# Data below
BEGIN
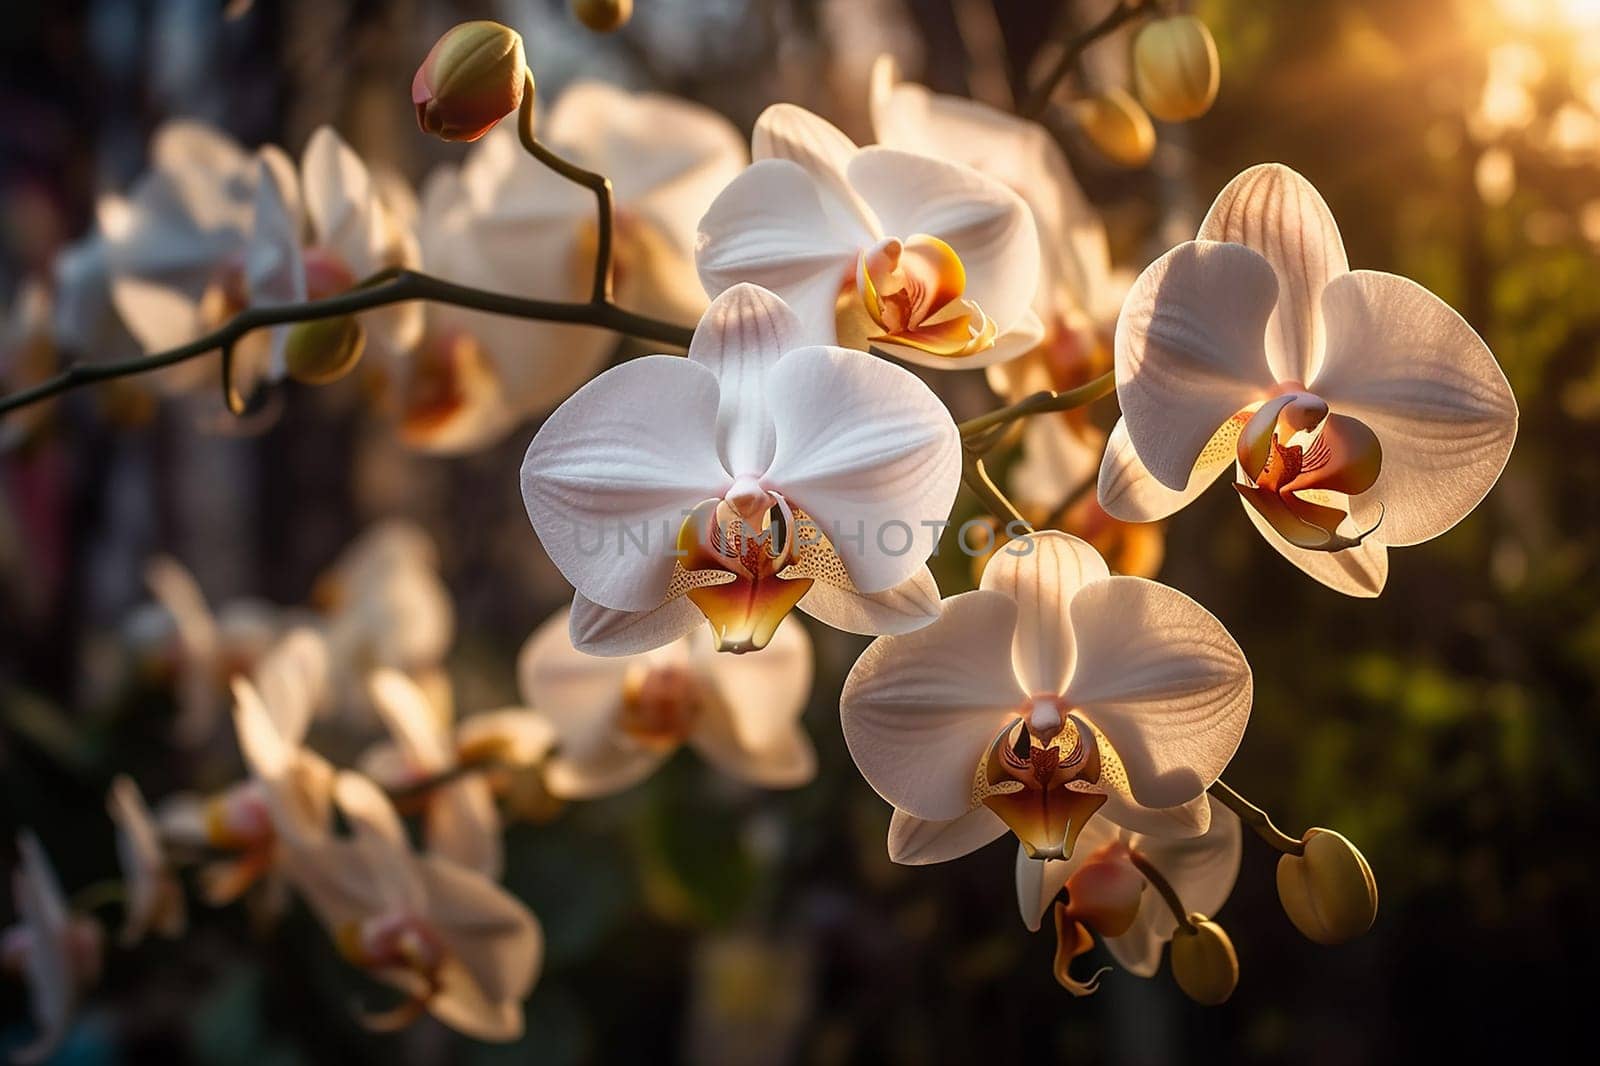 White orchids with a sunset backlight in a garden. by Hype2art
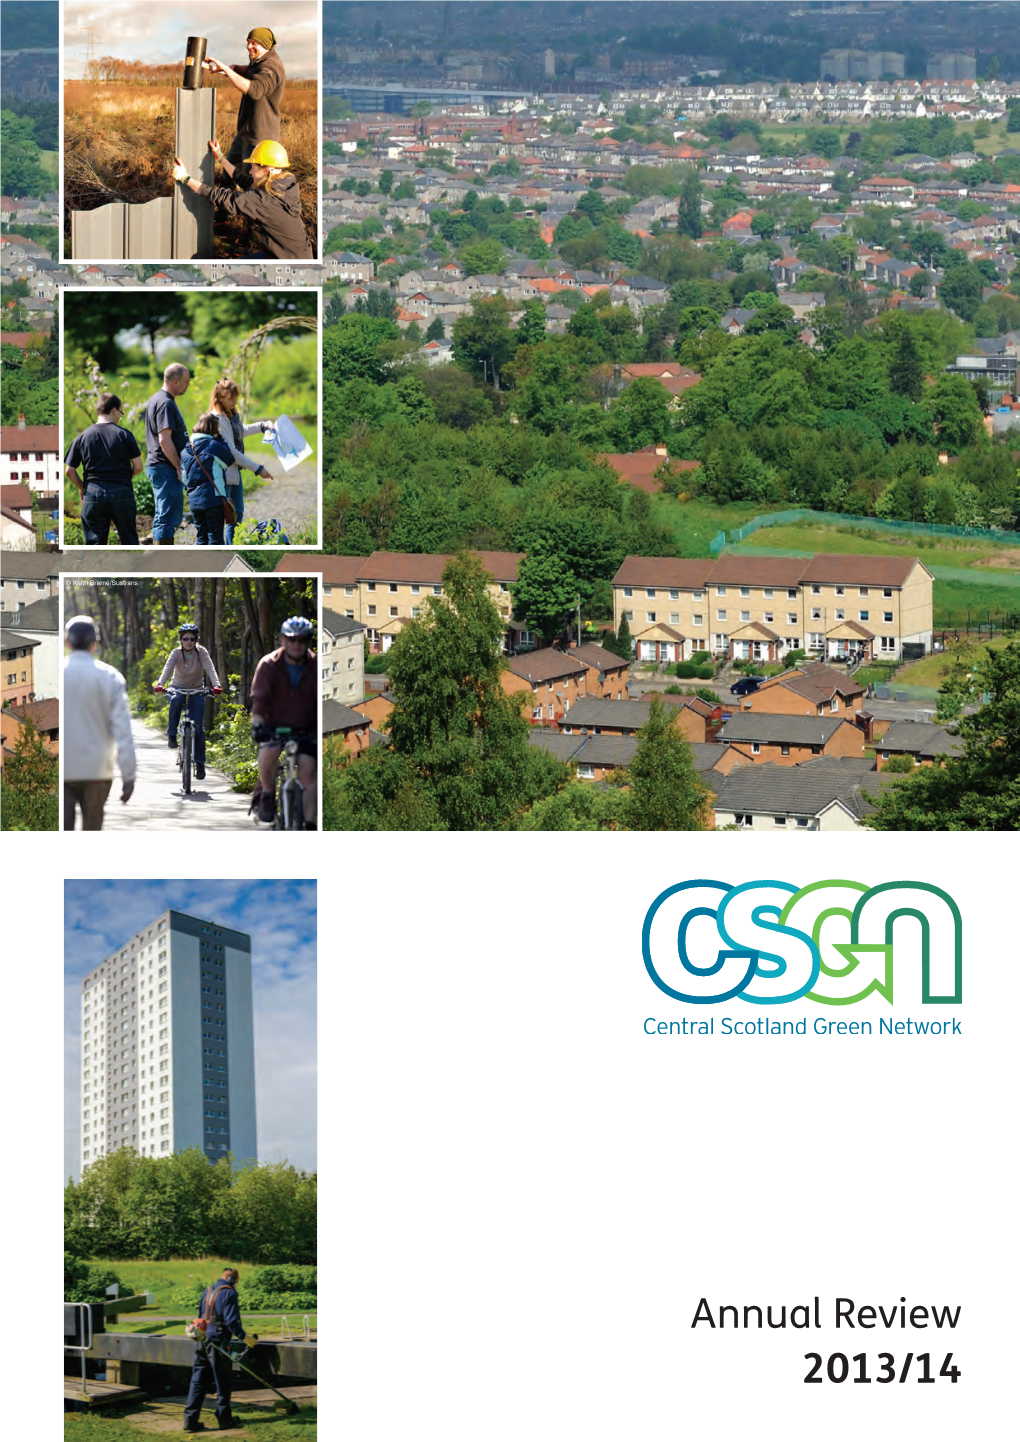 CSGN Annual Review 2013/2014
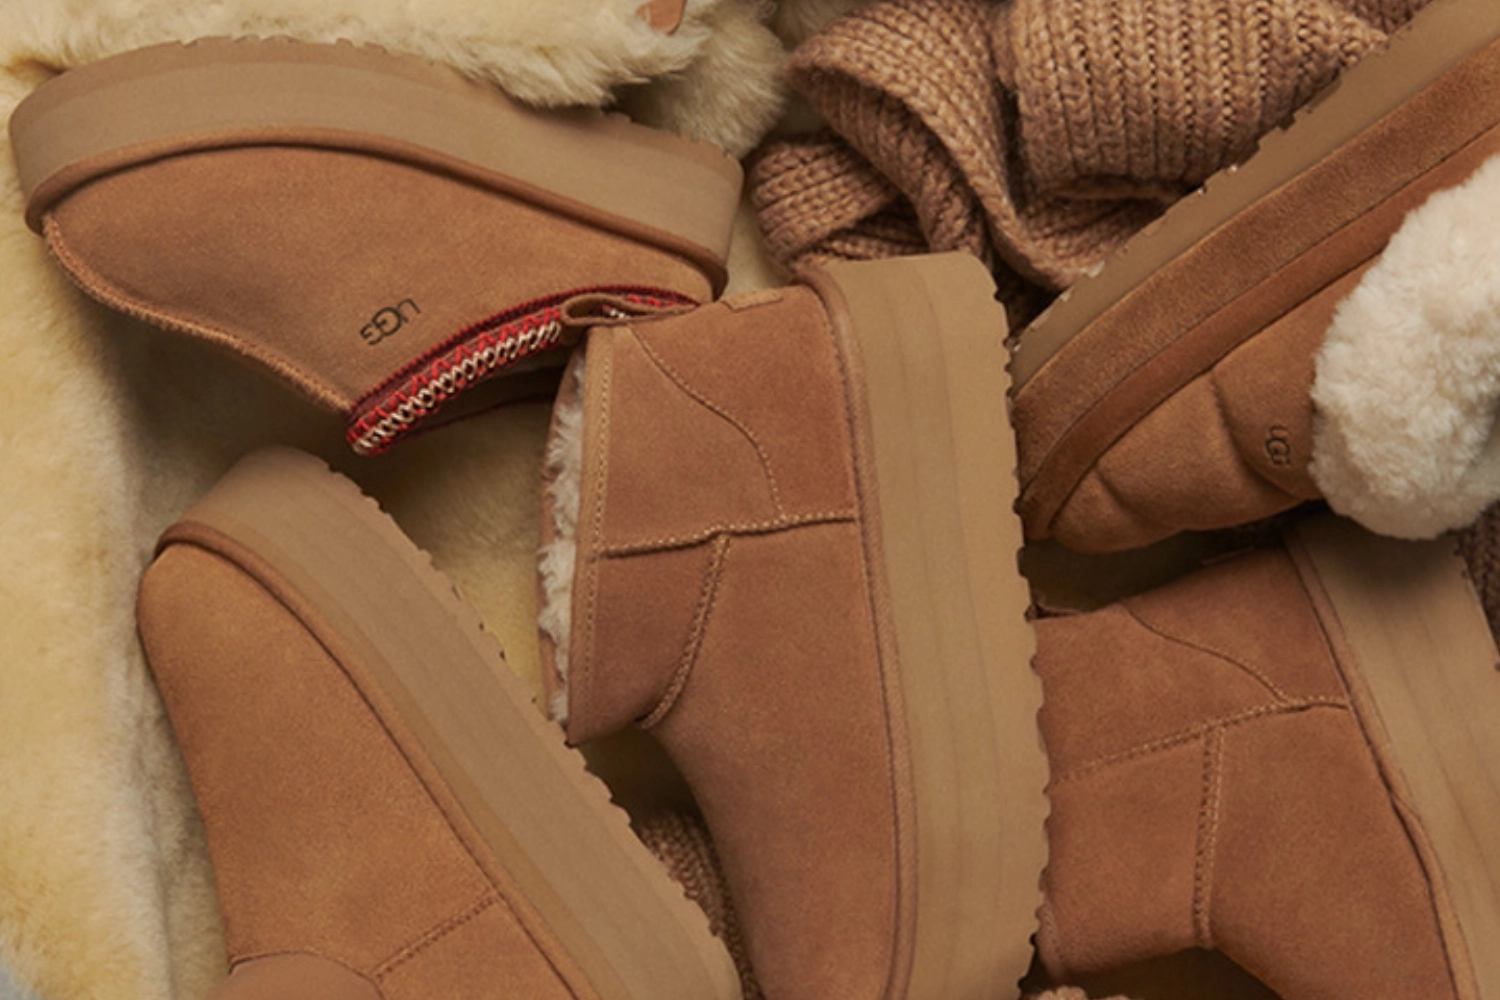 These popular UGG boots are a must-have for this winter season
END
Every line above has to be output exactly; the pictures must be dropped.

 White orchids with a sunset backlight in a garden. by Hype2art
 CSGN Annual Review 2013/2014
 These popular UGG boots are a must-have for this winter season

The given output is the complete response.